Why should this time be any different? Well, the short answer is that the September FOMC looms on the horizon, and although there’s virtually no chance of a taper unveil, the dots could shift.

Uncertainty around the new SEP and dot plot could mean “the normally reflexive vol-selling into Op-Ex ‘gamma unclench / vol expansion’ windows experienced YTD could be” postponed, McElligott reiterated. Recall that it was reflexive vol-selling which saved equities last month just when it looked like a selloff was imminent.

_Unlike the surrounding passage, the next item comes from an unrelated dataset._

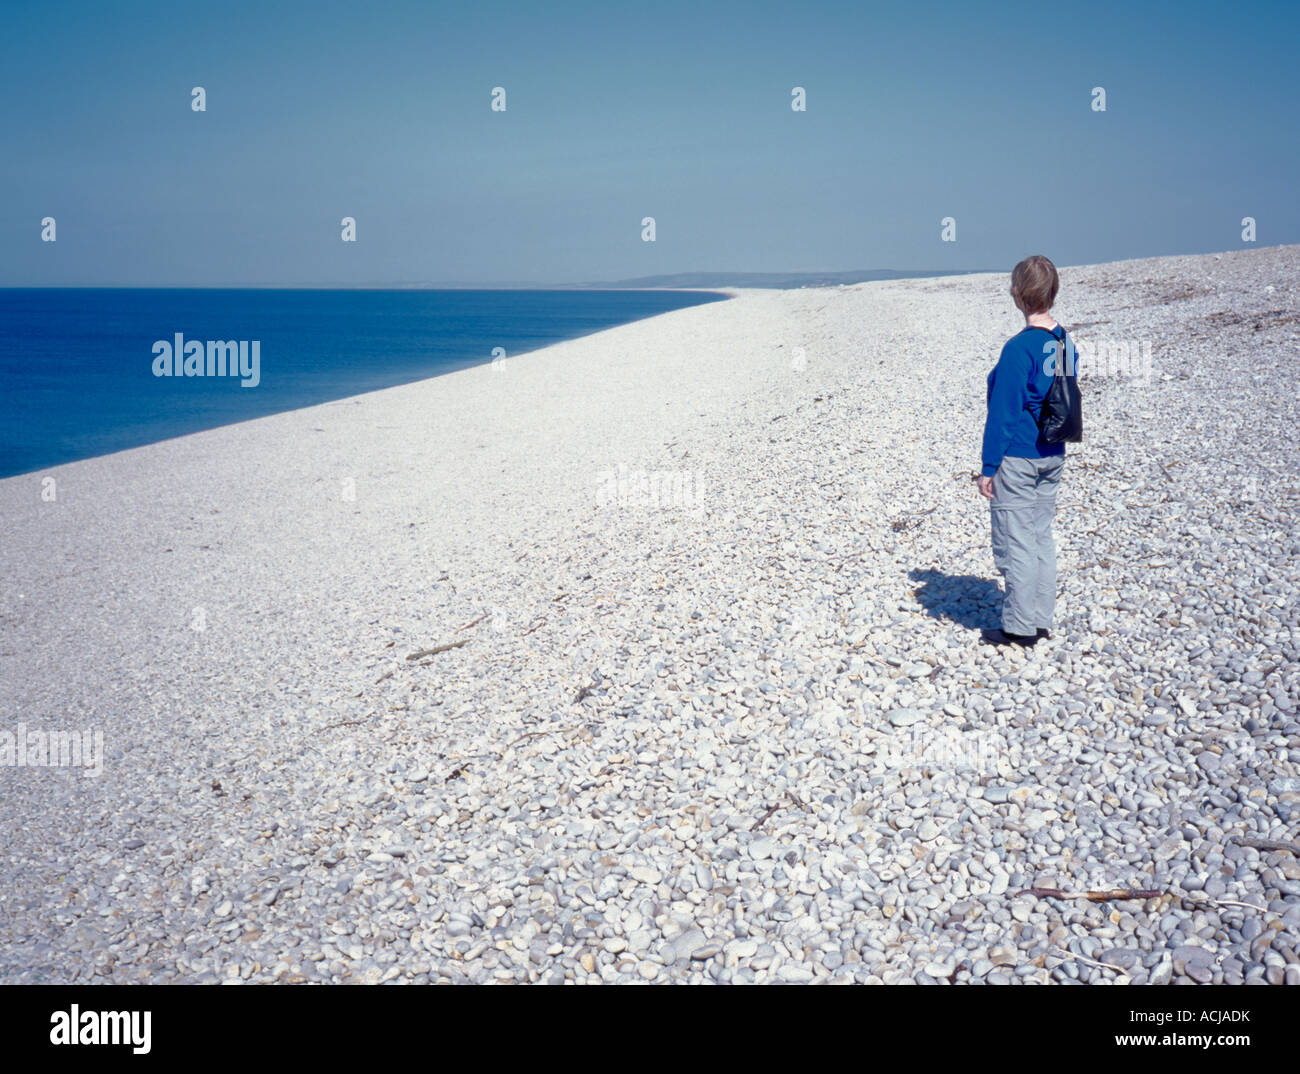 Looking at Chesil Beach, view north west at Chiswell, Portland, Dorset, England, UK. Stock Photo

For now, the “story in equities continues to be about taking down exposure” ahead of that assumed vol expansion and in front of buyback blackouts and the Fed, Charlie went on to say, noting that “32% of SPX / SPY Gamma and over 50% of QQQ / IWM Gamma [is] coming off,” opening the door to a wider distribution of outcomes — “free like a bird,” as he put it.

Meanwhile, we’ve flipped into negative gamma territory (figures below, from McElligott).

Nomura

Vol control is still something of a wild card, with exposure adds likely for the next couple of sessions (assuming no large swings), and the possibility of de-leveraging thereafter on a hypothetical big down day which, again, becomes more plausible as equities lose their “pin.”

Thankfully, CTAs are still a relatively safe distance from triggers, or at least on US benchmarks. Global equities are a bit of a different story, apparently.

All of this is, of course, set against a backdrop of what McElligott aptly described as “persistent demand for financial assets.”

There is, he wrote, “just an insatiable vacuum on any cheapening.”